◆ Requirement ◆
Exact copy, pictures excluded: the lines from the one containing "Dámské tkané kalhoty" to the end of the listing.

◆ Collected data ◆

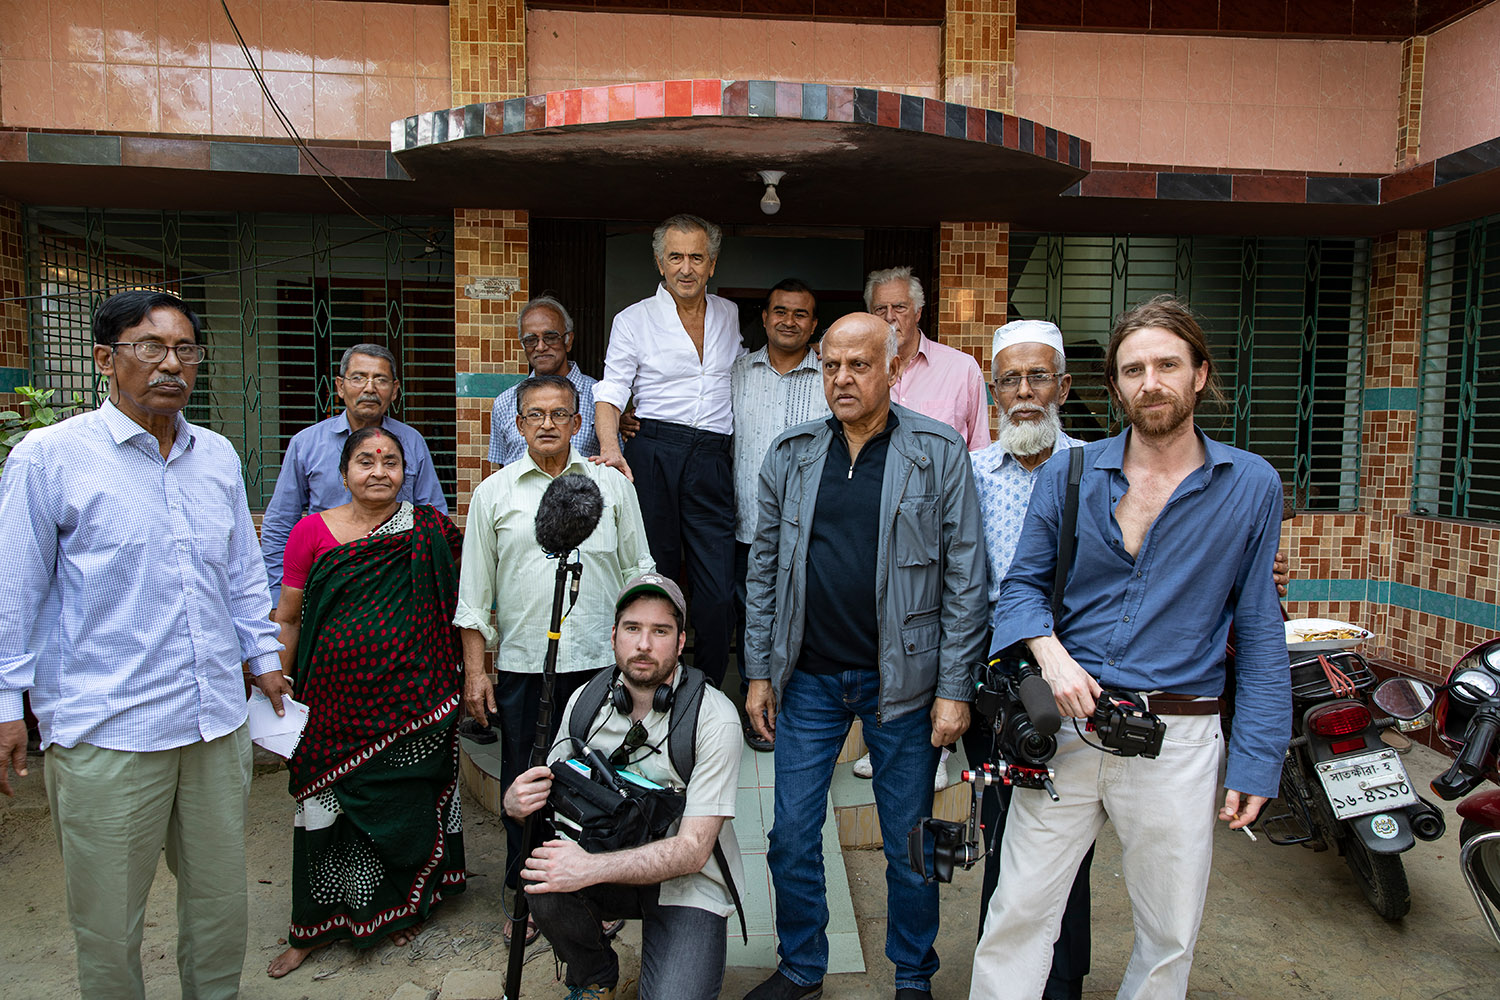 En mars 2020 à Jessore au Bangladesh, Bernard-Henri Lévy, Gilles Hertzog, le directeur de la photographie Olivier Jacquin et l'ingénieur du son Nicolas Velasco, sont entourés par Akim Mukherjee et ses proches.
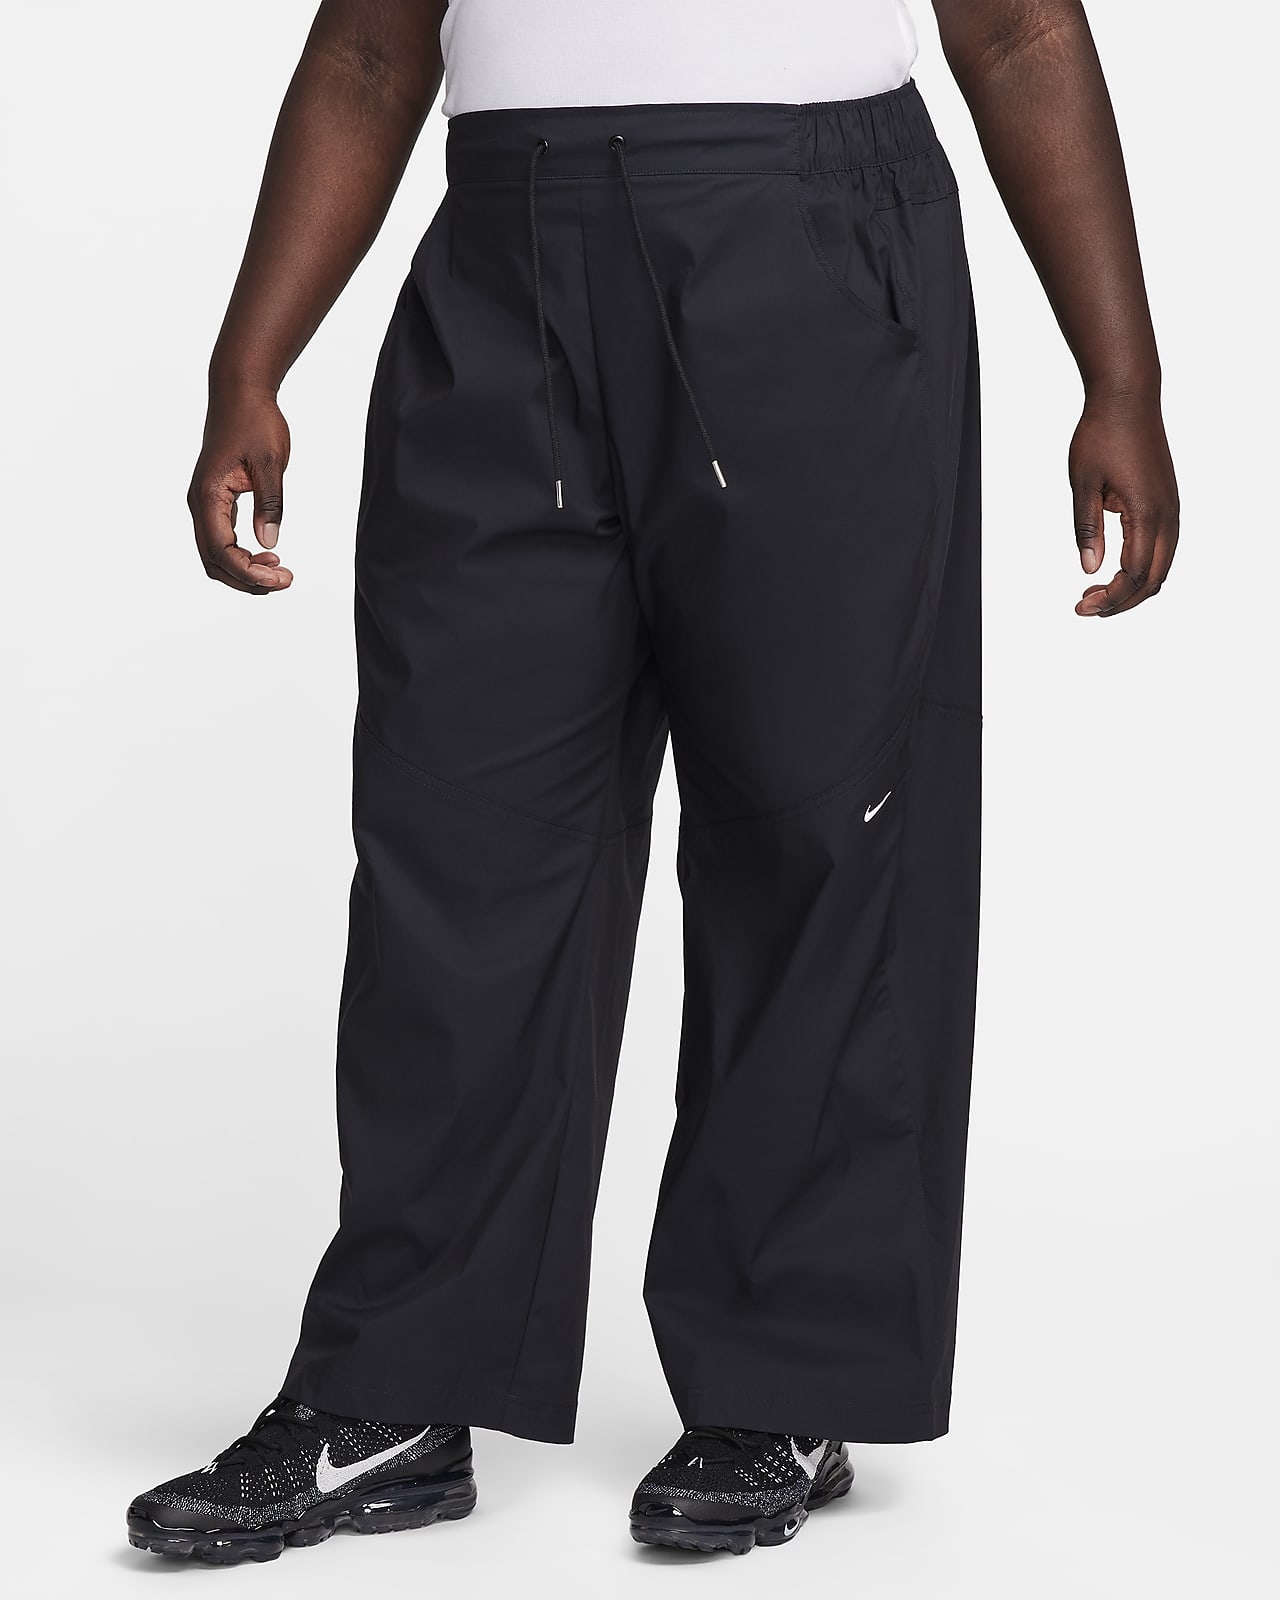 Dámské tkané kalhoty Nike Sportswear Essential s vysokým pasem (větší velikost)
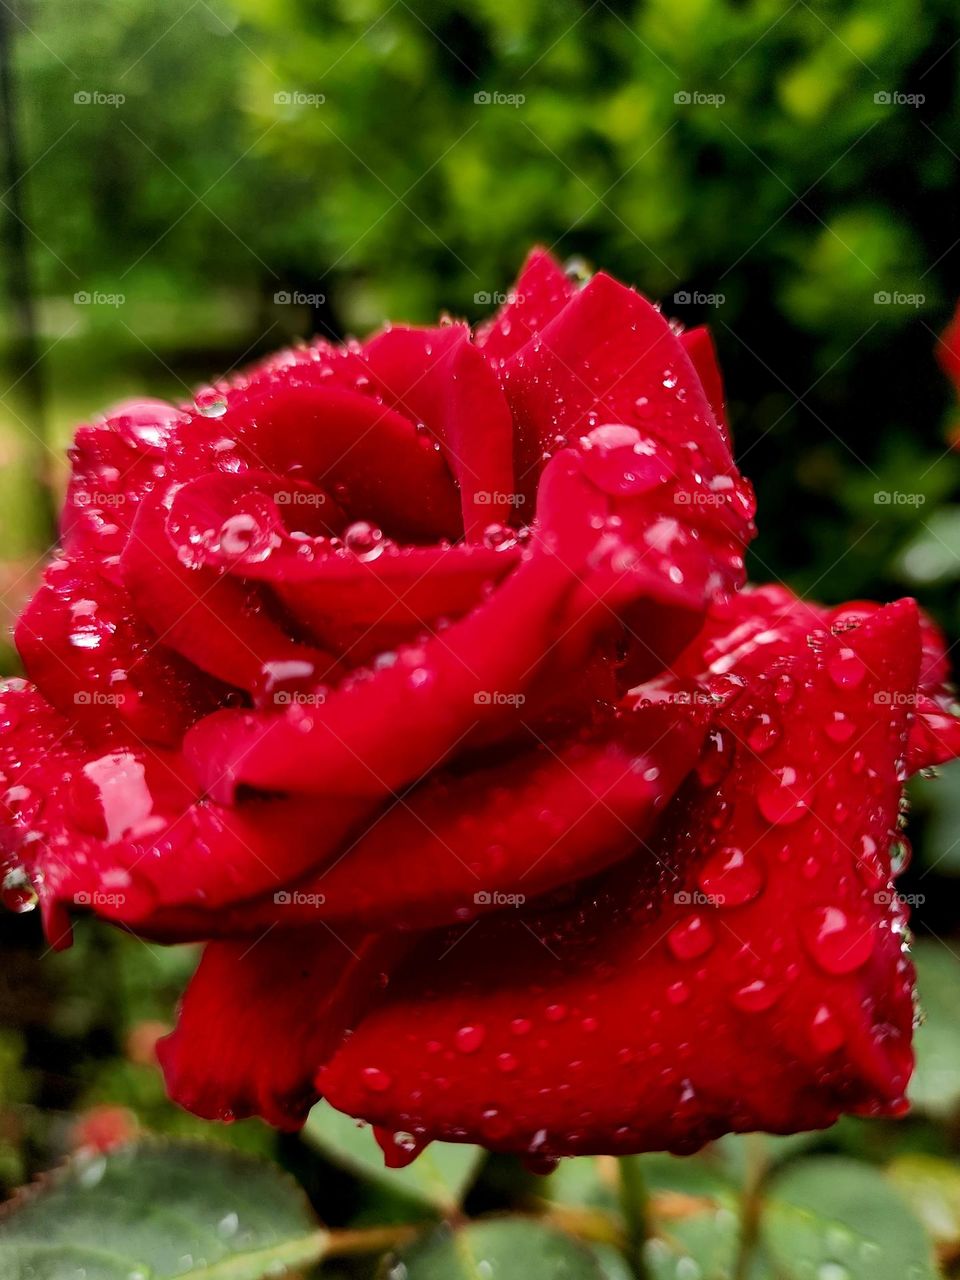 rainy day roses

◆ Written solution ◆
 Dámské tkané kalhoty Nike Sportswear Essential s vysokým pasem (větší velikost)
 rainy day roses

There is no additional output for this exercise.